Core commands for model deployment and testing. See Operation Flow for detailed steps.
| Command | Description |
|---|---|
deploy <model> <port> | Deploy model on single machine |
deploy <model> <port> <cards> | Deploy with specified card count |
dual-machine deploy <model> head:<IP> worker:<IP> port:<PORT> | Deploy on dual-machine cluster |
test <model> <port> | Test model inference |
deployment log | View deployment log |
deployment status | Check deployment status |
model list | Show supported models |
Check in order, stop if any fails:
huawei-cloud-ascend-command to check chip model, reject non-910B serieshuawei-cloud-ascend-command to check available cards, confirm >= required cardshuawei-cloud-ascend-remote-connect to run ss -tlnp | grep :port, notify if occupiedUser says: "deploy model_name port XXXX" or "deploy model_name port XXXX N cards"
Before deploying, must SSH execute mkdir -p /home/modelarts-agent to ensure directory exists.
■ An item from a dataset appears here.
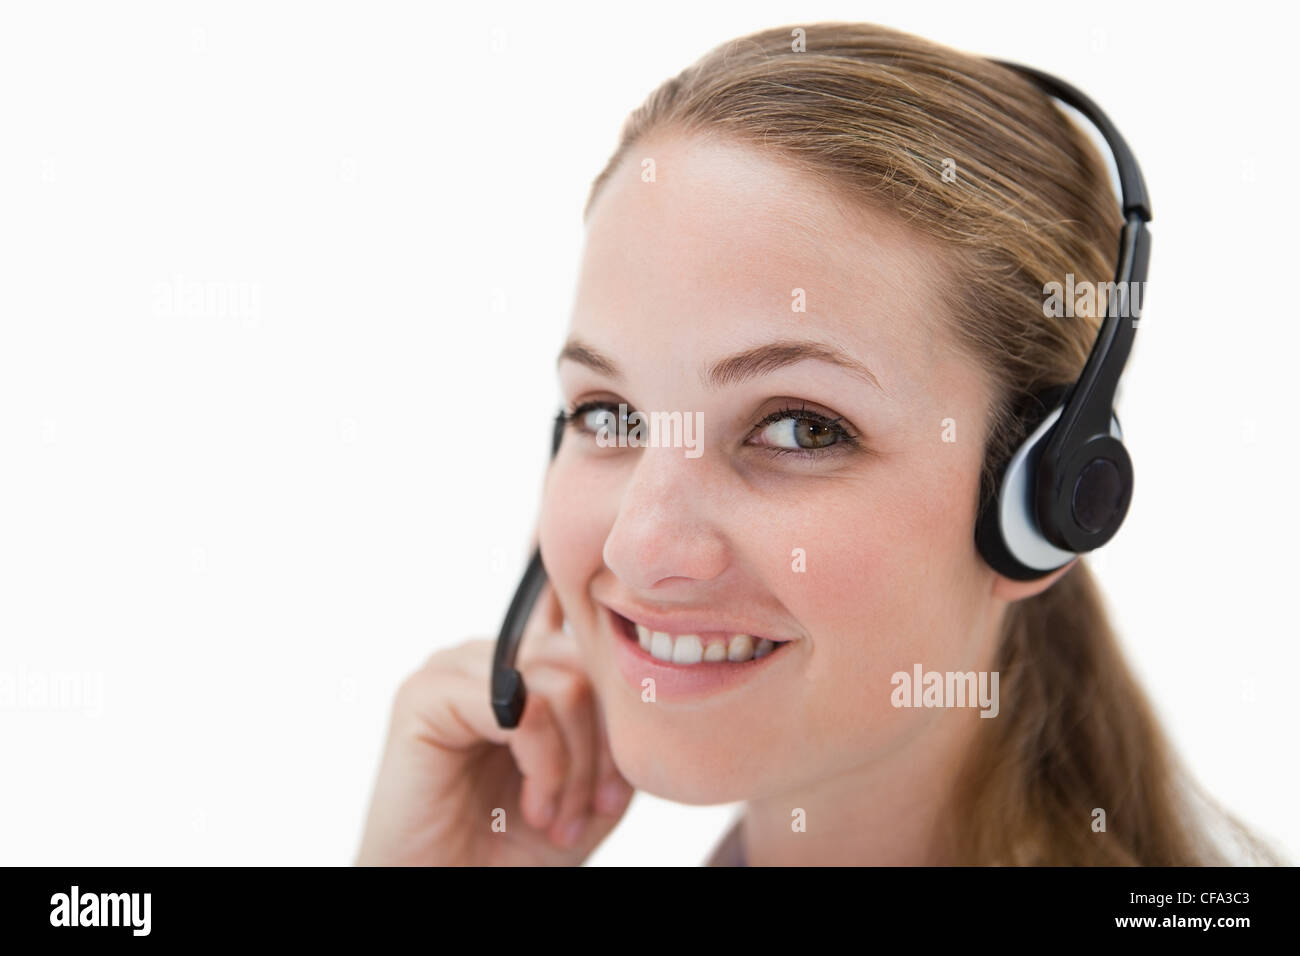 Side view of smiling call center agent with headset Stock Photo

LLM / Embedding / Rerank Command Template:
nohup bash -c 'export model_name=${model} && export required_cards=${cards} && export port=${port} && wget -P /home/modelarts-agent/ https://documentation-samples-17.obs.cn-north-9.myhuaweicloud.com/solution-as-code-publicbucket/solution-as-code-module/quickly-deploy-llm-on-modelarts-lite-devserver/userdata/deploy-large-models/single-machine/deploy-large-models.sh && chmod 755 /home/modelarts-agent/deploy-large-models.sh && sh /home/modelarts-agent/deploy-large-models.sh ${model} ${cards} ${port}' > /home/modelarts-agent/deploy_${model}.log 2>&1 &
VL Multimodal Command Template:
nohup bash -c 'export model_name=${model} && export required_cards=${cards} && export port=${port} && wget -P /home/modelarts-agent/ https://documentation-samples-17.obs.cn-north-9.myhuaweicloud.com/solution-as-code-publicbucket/solution-as-code-module/quickly-deploy-llm-on-modelarts-lite-devserver/userdata/deploy-vl-model/single-machine/deploy-qwen3-vl-model.sh && chmod 755 /home/modelarts-agent/deploy-qwen3-vl-model.sh && sh /home/modelarts-agent/deploy-qwen3-vl-model.sh ${model} ${cards} ${port}' > /home/modelarts-agent/deploy_${model}.log 2>&1 &
OpenSource Command Template:
nohup bash -c 'export model_name=${model} && export required_cards=${cards} && export port=${port} && wget -P /home/modelarts-agent/ https://documentation-samples-17.obs.cn-north-9.myhuaweicloud.com/solution-as-code-publicbucket/solution-as-code-module/quickly-deploy-llm-on-modelarts-lite-devserver/userdata/deploy-large-models/single-machine/open_source/deploy-ai-models.sh && chmod 755 /home/modelarts-agent/deploy-ai-models.sh && sh /home/modelarts-agent/deploy-ai-models.sh ${model} ${cards} ${port}' > /home/modelarts-agent/deploy_${model}.log 2>&1 &
User says: "dual-machine deploy model_name head:IP worker:IP port XXXX"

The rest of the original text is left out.